Причиной увеличения градиента давления также может быть нарушение кровотока по склерозированным внутренней сонной и затылочной артериям даже при повышенном артериальном давлении [20,22,47].
В ответ на компрессионную травму поражаются не только аксоны ГКС, нарушая аксоплазматический ток, но и сосуды, питающие их, приводя к ишемии зоны диска зрительного нерва и к синтезу нейроглией агрессивных веществ [20,22,47,176], таких как глутамат, трансформирующий фактор роста - бета (ТФР-р), эндотелии-1, продукты перекисного окисления липидов (ПОЛ), оксид азота, фактор некроза опухоли - альфа [58,179,213]. Они, в свою очередь, активируют протеолитические ферменты в окружающей нервной ткани [175], в результате чего вырабатываются антитела (AT) к собственным гликозаминогликанам [213].

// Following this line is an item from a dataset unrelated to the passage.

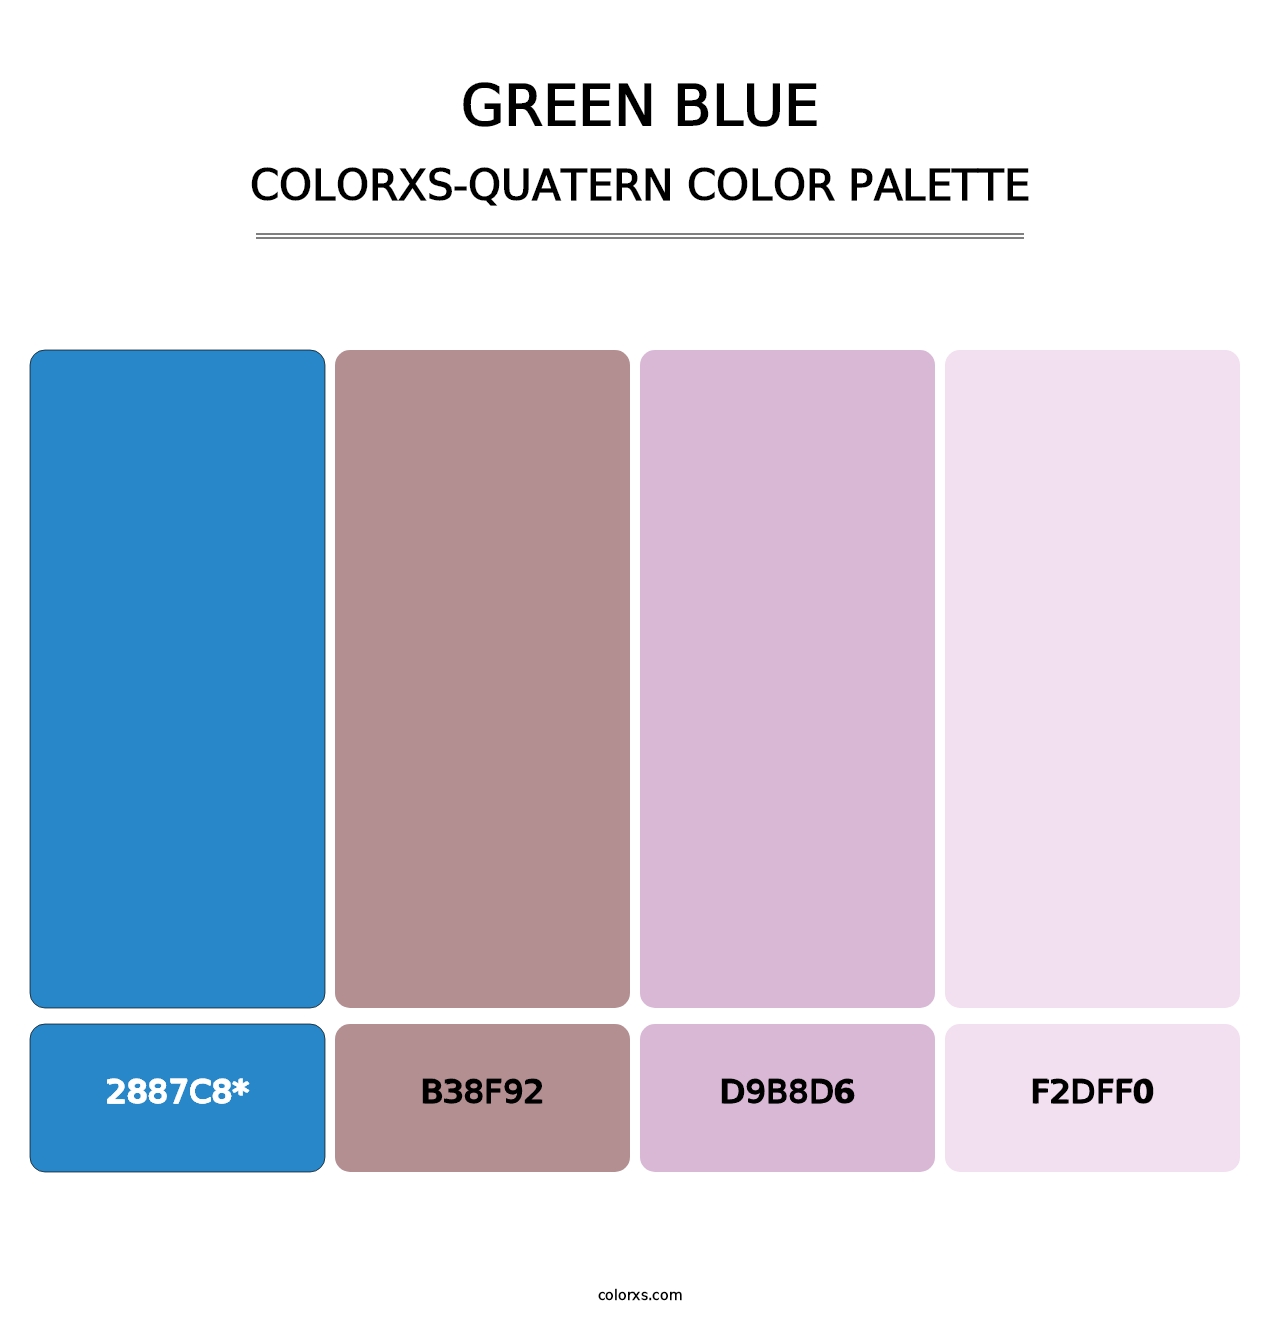 Green Blue - Colorxs Quatern Palette
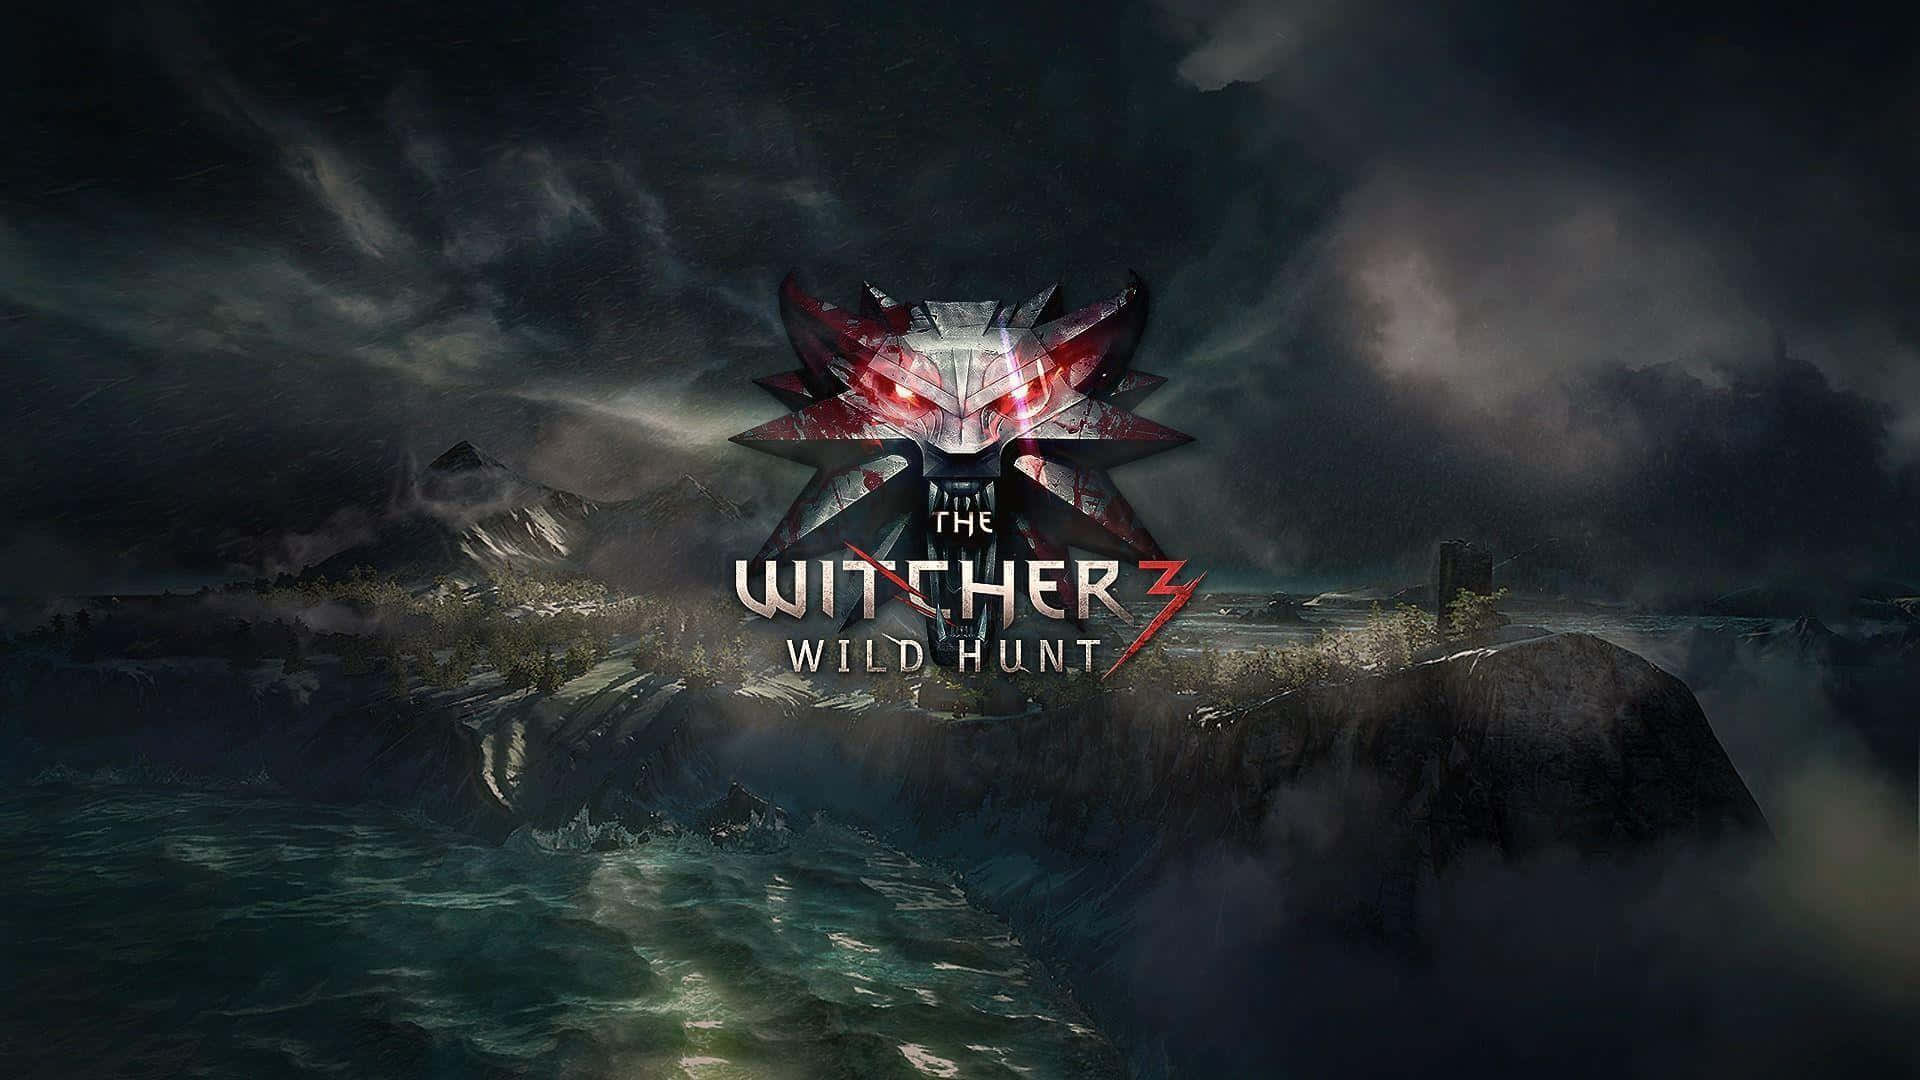 Den Witcher 3 Wild Hunt Fantastisk Ikonisk Wallpaper. Wallpaper

Кроме того, хронически повышенное выше толерантного уровня ВГД приводит к нарушению соотношения между синтезом новых волокон РП и потерей старых. Замещаются белки, придающие структуре эластичность, на белки, формирующие жесткую профибротическую ткань. Происходит повышенный синтез матричных металлопротеаз (ММР), предположительно являющихся главной причиной дисбаланса белков решетчатой пластинки склеры, и ТФР-Р - основного фактора образования экстраклеточного матрикса [22,85,175,216].
ММР и ТФР-р активируются при целом ряде патологических состояний с участием пролиферации и апоптоза, таких как ревматоидный артрит, онкологические заболевания, атеросклероз, в том числе и при глаукоме [54,57,58,120,224]. Активация их происходит под влиянием различных факторов, к которым относятся окислительный стресс, воздействие цитокинов, продуцируемых нейроглией [189]. В результате активности ММР как в невральнои, так и в склеральной ткани не происходит рубцевания, результатом чего является формирование экскавации [57,58,151,191].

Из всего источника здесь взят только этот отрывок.